Quentin L. Meunier

Problem 1018

François, a mathematician fascinated by large numbers, found one endowed with an astonishing property: if we write a "1" on the left and a "1" on the right of this positive integer having less than 100 digits, we get a number 99 times bigger than itself.

1A, 1B, 1C. What are the last 9 digits of the number of François? (in the same order as the number of François, the digit for units on the right, without space).

2A, 2B, 2C. What is its number of digits?

For question 1, 9 digits must appear in each box used. The three boxes are not necessarily to fill, there can be only one or two answers.
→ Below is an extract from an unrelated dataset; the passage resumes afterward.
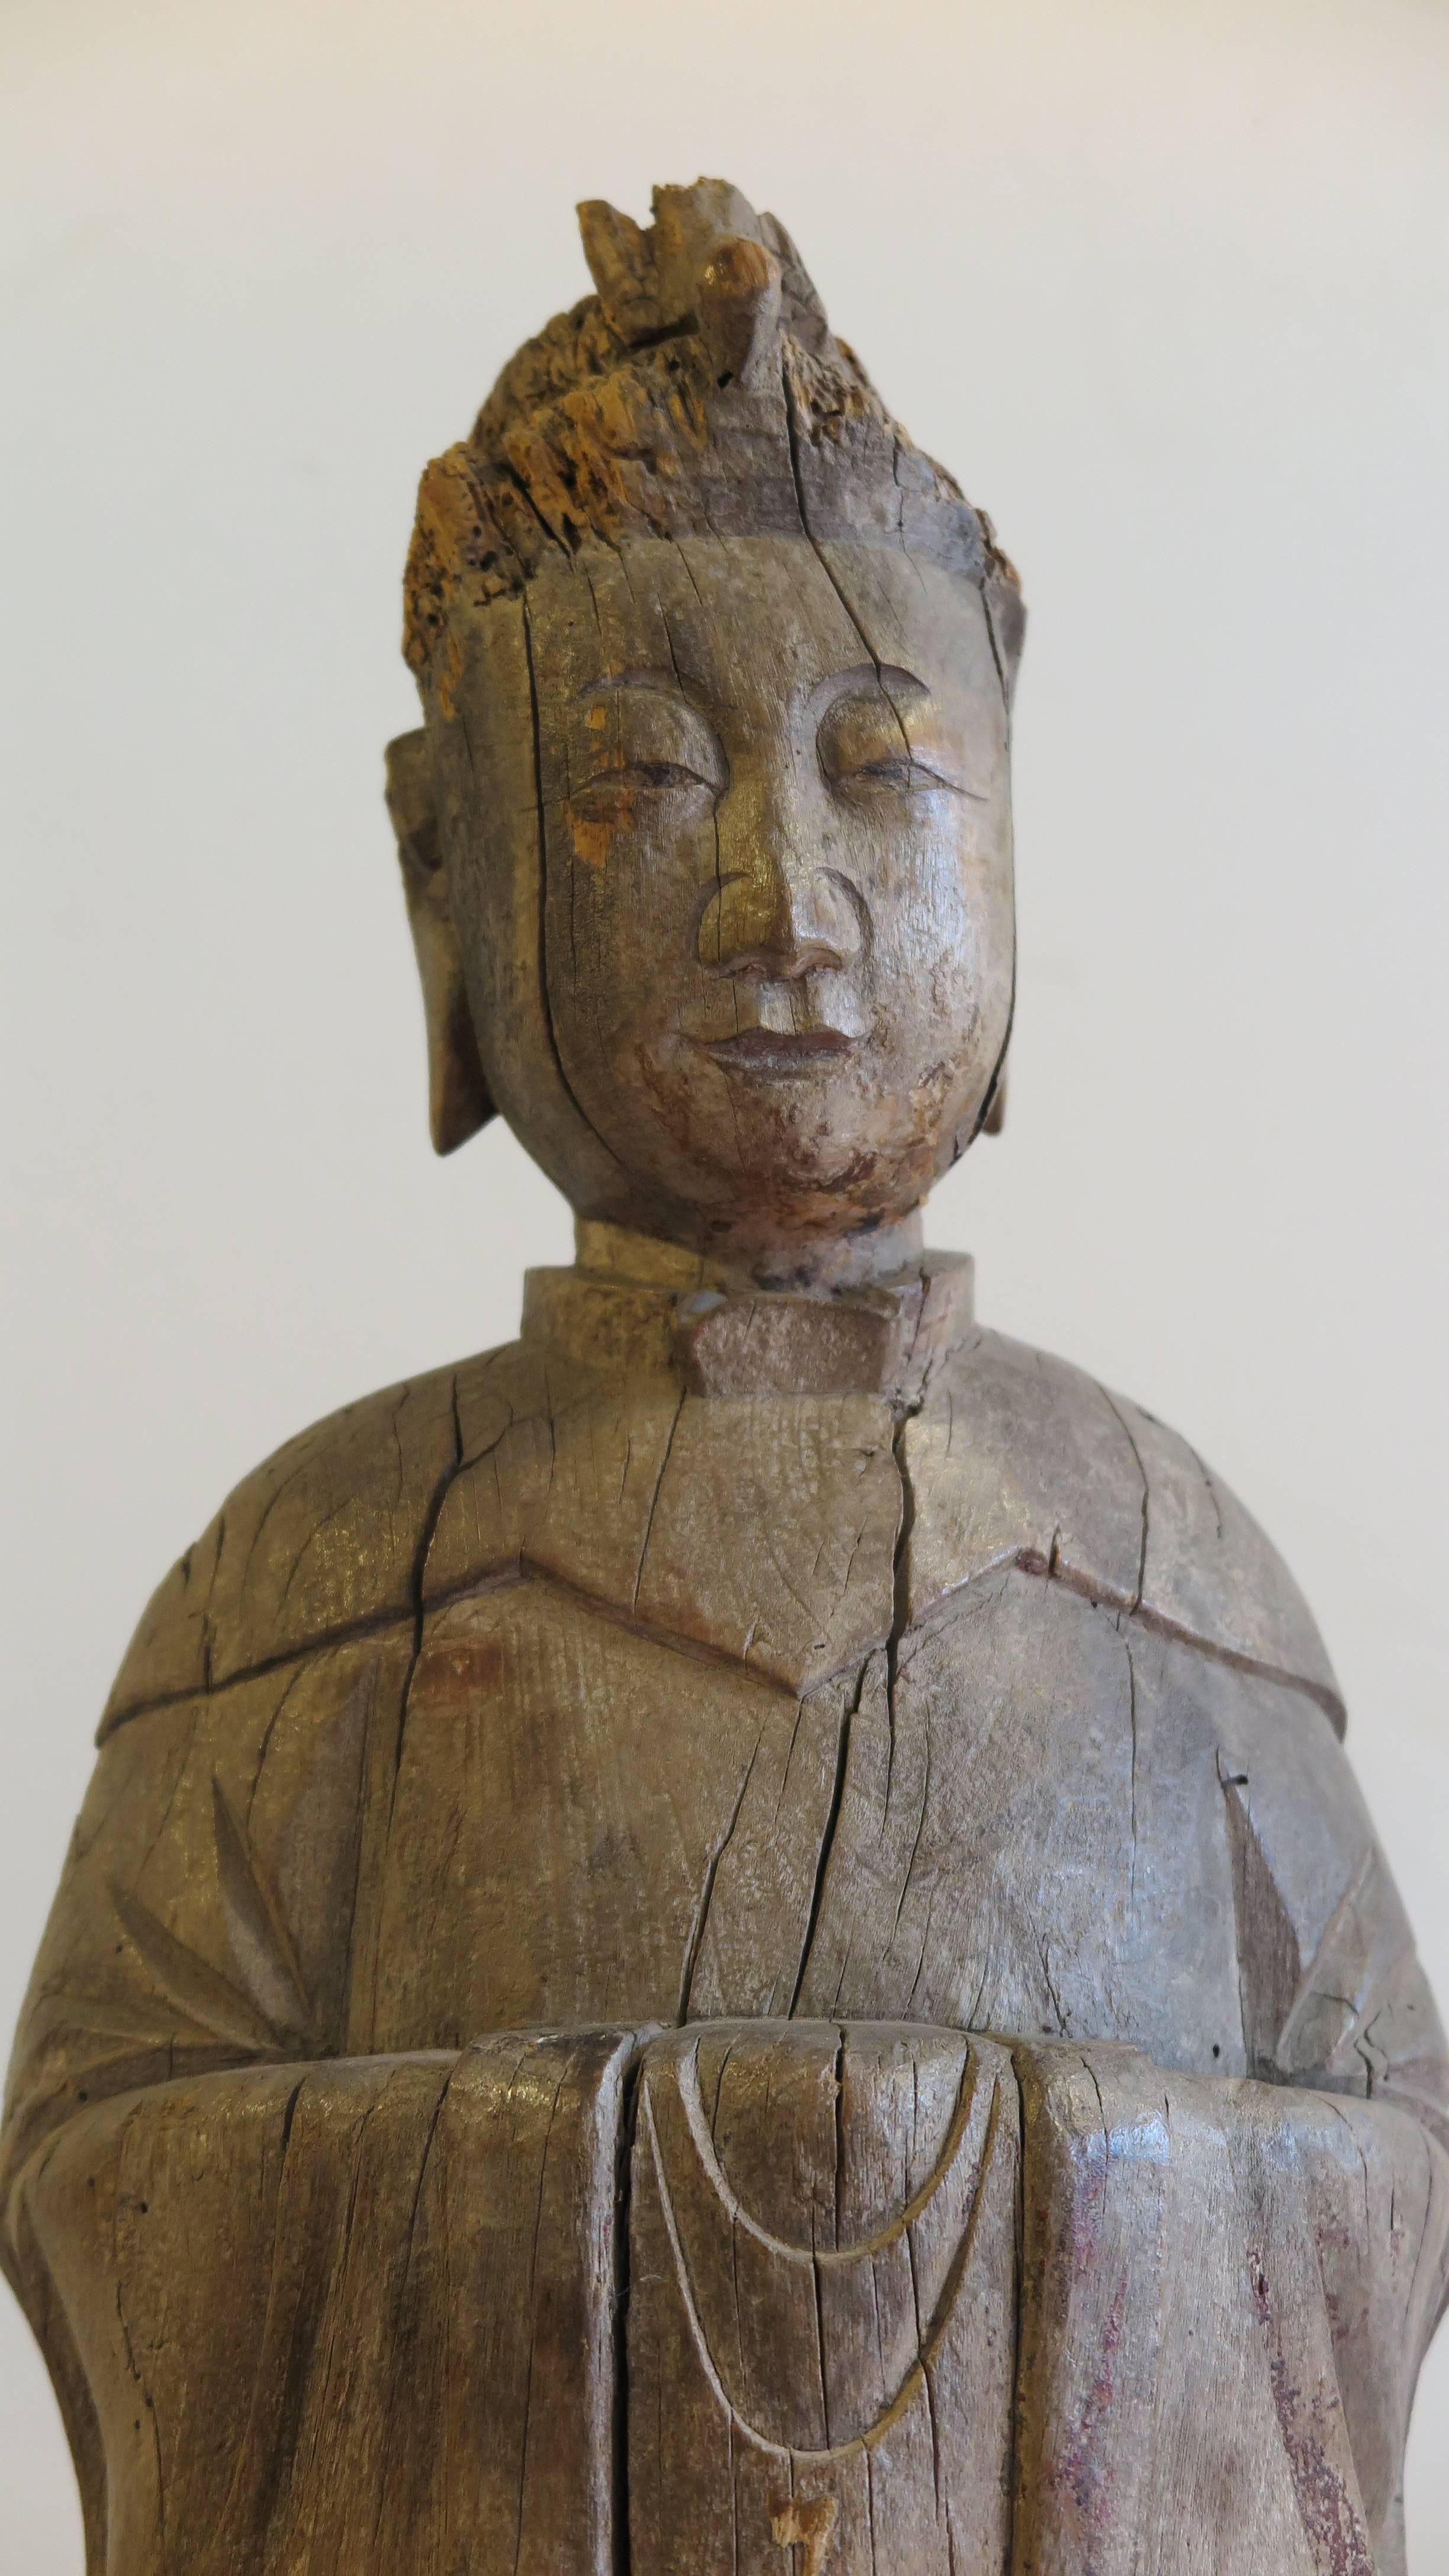 19th century Buddhist statue sculpture. A rare representation with a dove resting on head or as headdress. A majestic serene sculpture with significant presence and beauty. A solid one piece wood block carving, Hunan Province, Southern China, circa

If there are several answers to one of the two preceding questions, we will write the possible answers from left to right, in ascending order, stopping at the third if there are more than three.

We start by noticing that if a is the number searched for, writing a "1" on the left and right is the number 10 × a + 1 + 10^{Number of digits(a) + 1}. If this number is equal to 99 × a, we have the equality: 1 + 10^{Number of digits(a) + 1} = 89 × a.
It is thus sufficient to check, for each number of digits a between 1 and 100, if the expression 1 + 10^{Number of digits(a) + 1} is divisible by 89.

The program, written in python for its native support for arbitrarily large integers, is available here.

1A. The number of François terminates by 797752809.
2A. 21. 2B. 65. The number has 21 or 65 digits.